In this summary, you will learn
- What factors affect risk planning
- Why it seems as if disasters have become more frequent
- How to use seven principles to assess and manage extreme events
- What issues confront scientists who study catastrophes
- What five factors leaders often neglect in making decisions about risk
Why you should read Learning from Catastrophes
In terms of insurance payouts, two-thirds of the 25 most expensive disasters in the last 40 years have taken place since 2001. As the global climate changes and more people move to overbuilt and hence more vulnerable cities, the pace of cataclysmic “extreme events” is liable to increase. From the costs related to Iceland’s volcano to the impact of the catastrophic oil spill in the Gulf of Mexico, far too many organizations already face extreme problems. Authors and editors Howard Kunreuther and Michael Useem, both Wharton School professors, join 20 other experts to examine risk assessment and management. Although their book is made up of scholarly essays, getAbstract finds it pertinent and useful.

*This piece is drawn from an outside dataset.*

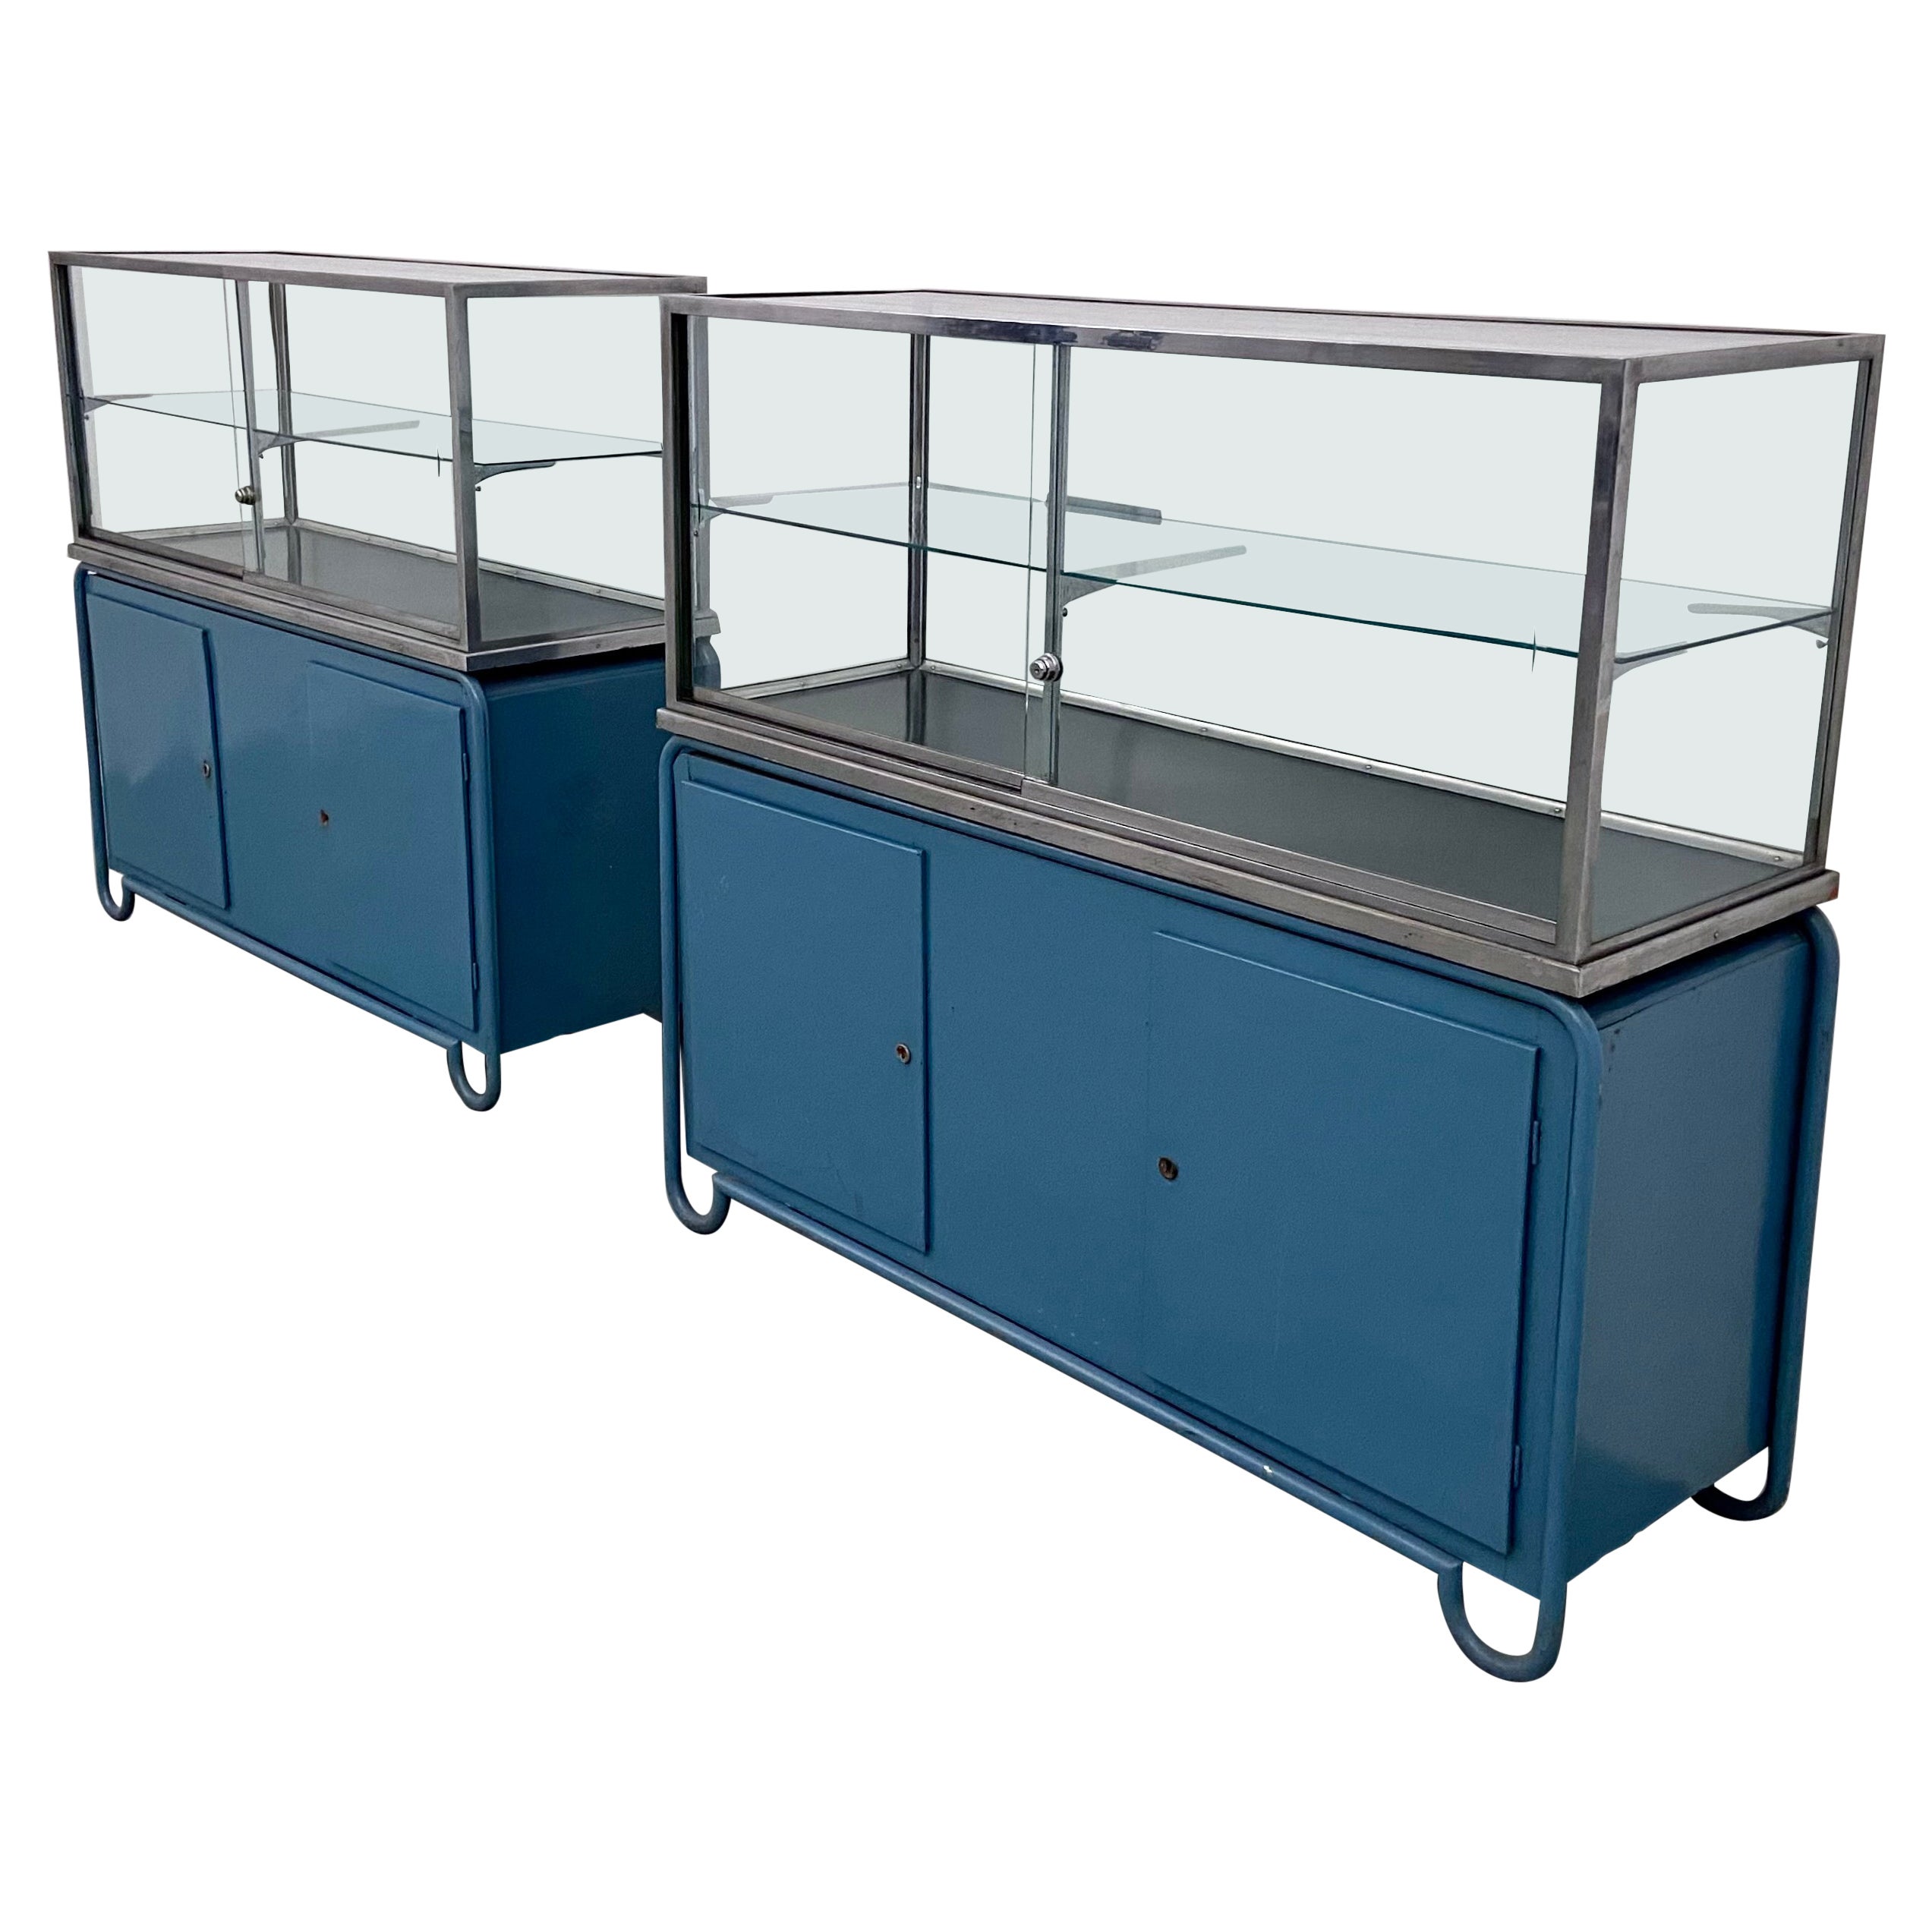 Set of 2 'Fiera Milano' Display Cabinets in Glass, Steel and Wood, Italy, 1950s For Sale
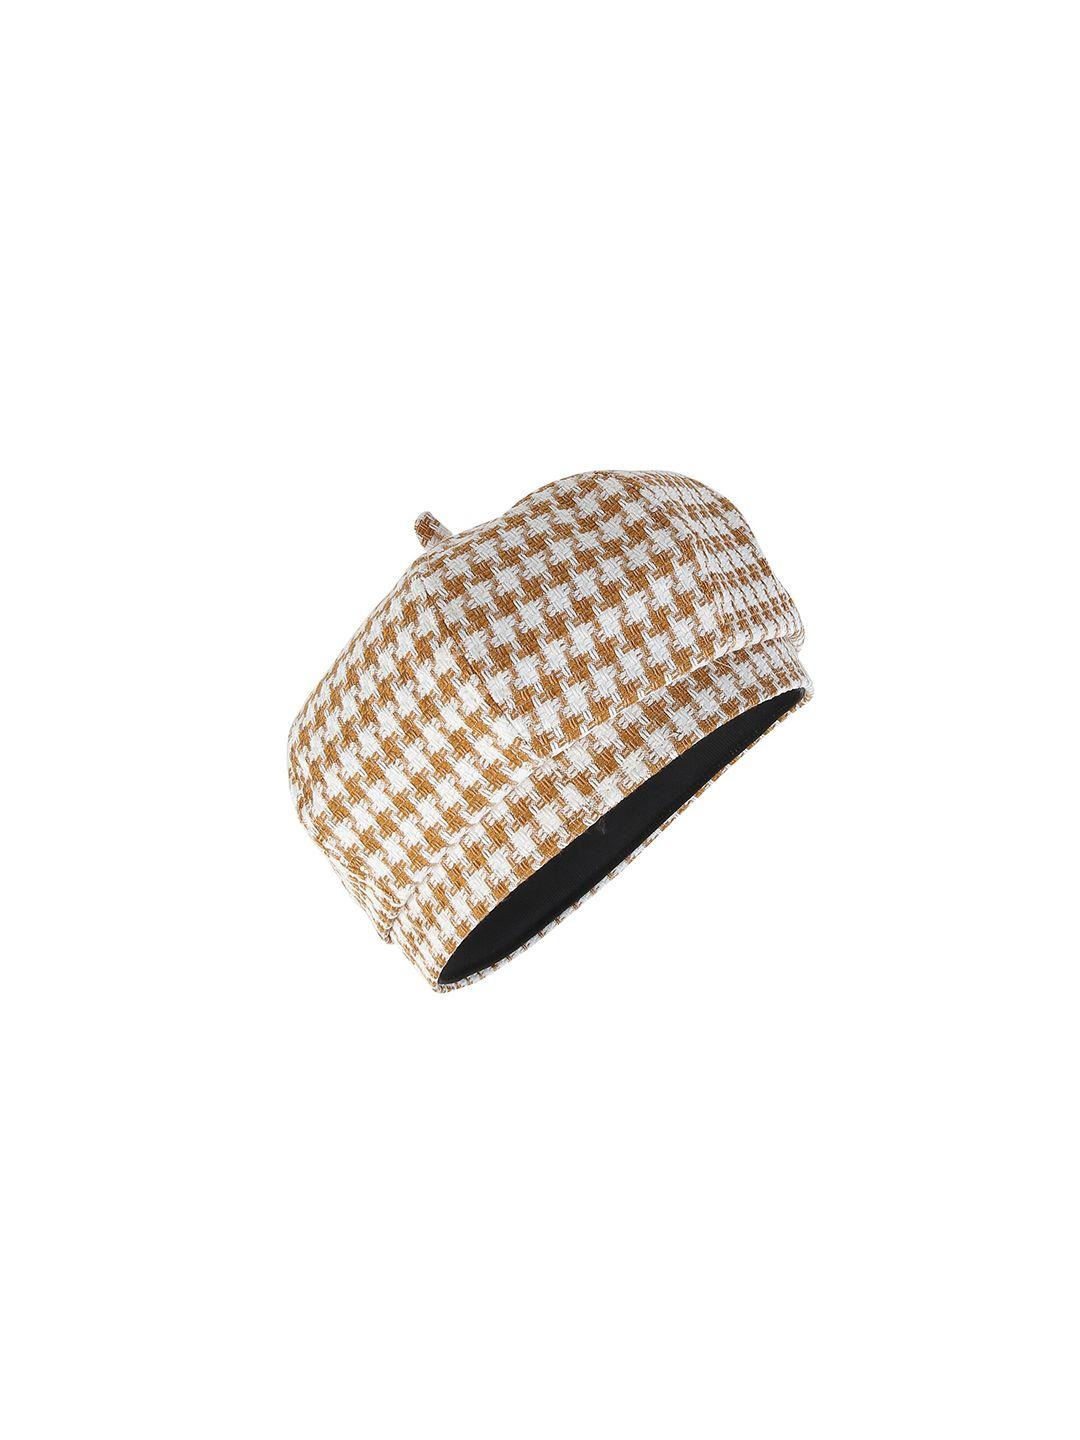 isweven unisex brown & white printed ascot cap

Leaders can apply the directives in this intelligent, informative, thought-provoking volume to develop strategic planning for major catastrophes.
About the Authors
Howard Kunreuther and Michael Useem are professors at the Wharton School at the University of Pennsylvania. Kunreuther directs the school’s Risk Management and Decision Processes Center and Useem heads its Center for Leadership and Change Management.